I have a NVT simulation with a constant external electric field using the option “electric-field-z = 1.5 0 0 0”
When calling gmx energy -f (…).edr to calculate the potential energy of the system, is the energy due to interaction with the electric field included or not?
Particularly, I have a lot of molecular dipoles in the system which can align wrt to the electric field. I want to know if the dipole - field interaction energy is contained in the potential from gmx energy.
In general it is not possible to define an energy, so this is not computed by mdrun. If you only have neutral molecules, you can compute this energy afterwards from the net dipole of the system. I forgot if mdrun always stores the dipole in the energy file. If not, you can use an analysis tool.
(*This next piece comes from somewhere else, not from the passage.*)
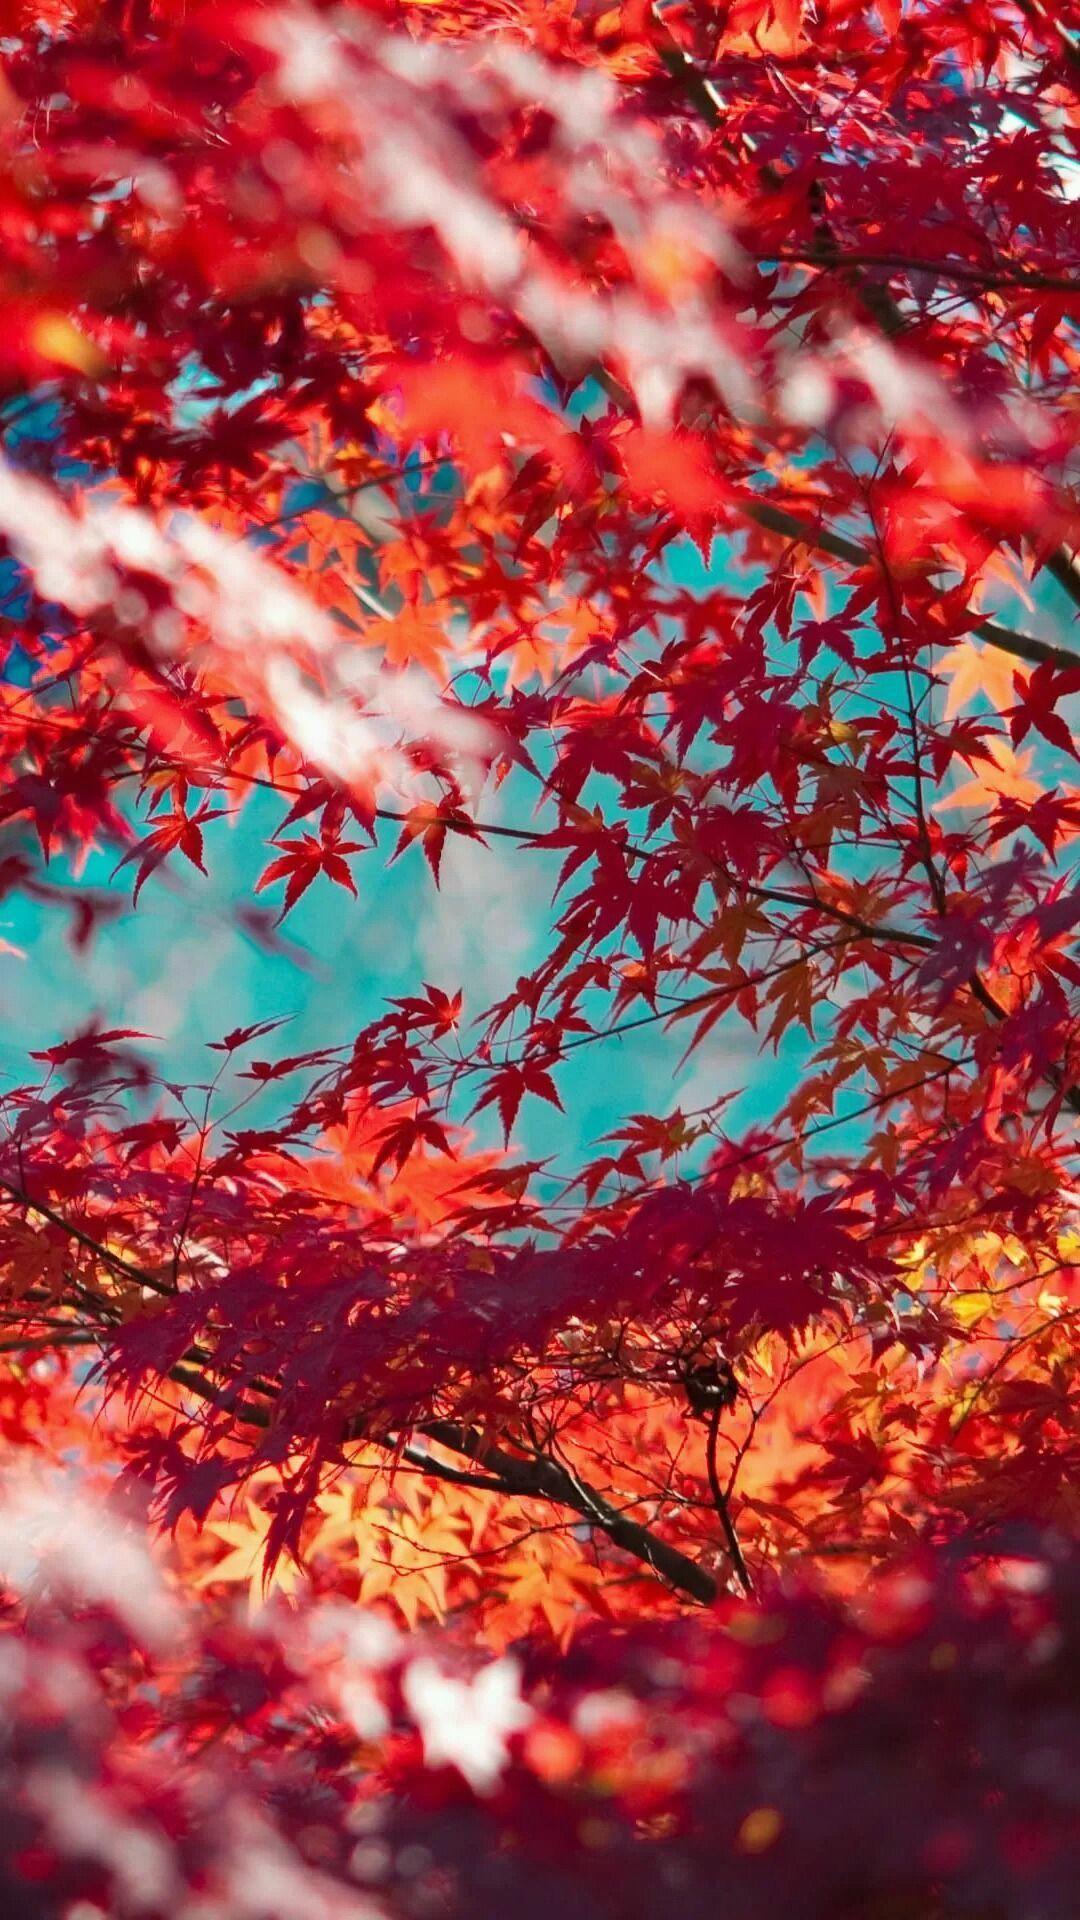 Hình nền iPhone 1080x1920 Beautiful Red Maple Leaves.  Nhấn để xem thêm Hình nền iPhone mùa thu.  Hình nền mùa thu dễ thương, Hình nền cây, Hình nền iPhone mùa thu

Note that you need to think about the choice of boundary condition at infinity (surface_epsilon mdp parameter) when using an electric field.
By default PME has conducting boundary conditions. This is fine with normal stimulations. But when adding an external electric field, it starts to matter a lot. With conducting boundary conditions dipoles will align in the field and periodically interact without penalty. With epsilon-surface=1 you get insulating boundary conditions and there is a large penalty to building up a net dipole. In the simple case of a dipole in a box of water, the electric field is amplified by a factor epsilon_r (about 80) when using conducting boundary conditions.
How can I determine the best value of epsilon for my situation? I have a kind of homogeneous crystalline solid. So should it just be the relative permittivity of the substance?
In general insulating boundary conditions gives the correct average polarization and conducting boundary conditions gives the correct fluctuation of the polarization.
But in most cases you can only use conducting boundary conditions as mdrun only supports epsilon-surface>0 when each molecule consists of a single update group (so it doesn’t get broken over PBC). You can get the correction factor for the electric field for use with conducting boundary conditions by computing the dielectric permittivity of your system using gmx dipoles.
Just to clarify: you mean that if I apply a field E with conducting boundary conditions, and the relative dielectric permitivitty (epsilon.xvg from gmx dipoles) is e_r, the “actual” field felt by the system is e_r * E?
I would like to understand a bit better how the electric field has been implemented in GROMACS.
Could you please refer the relevant files that I have to check to proceed with?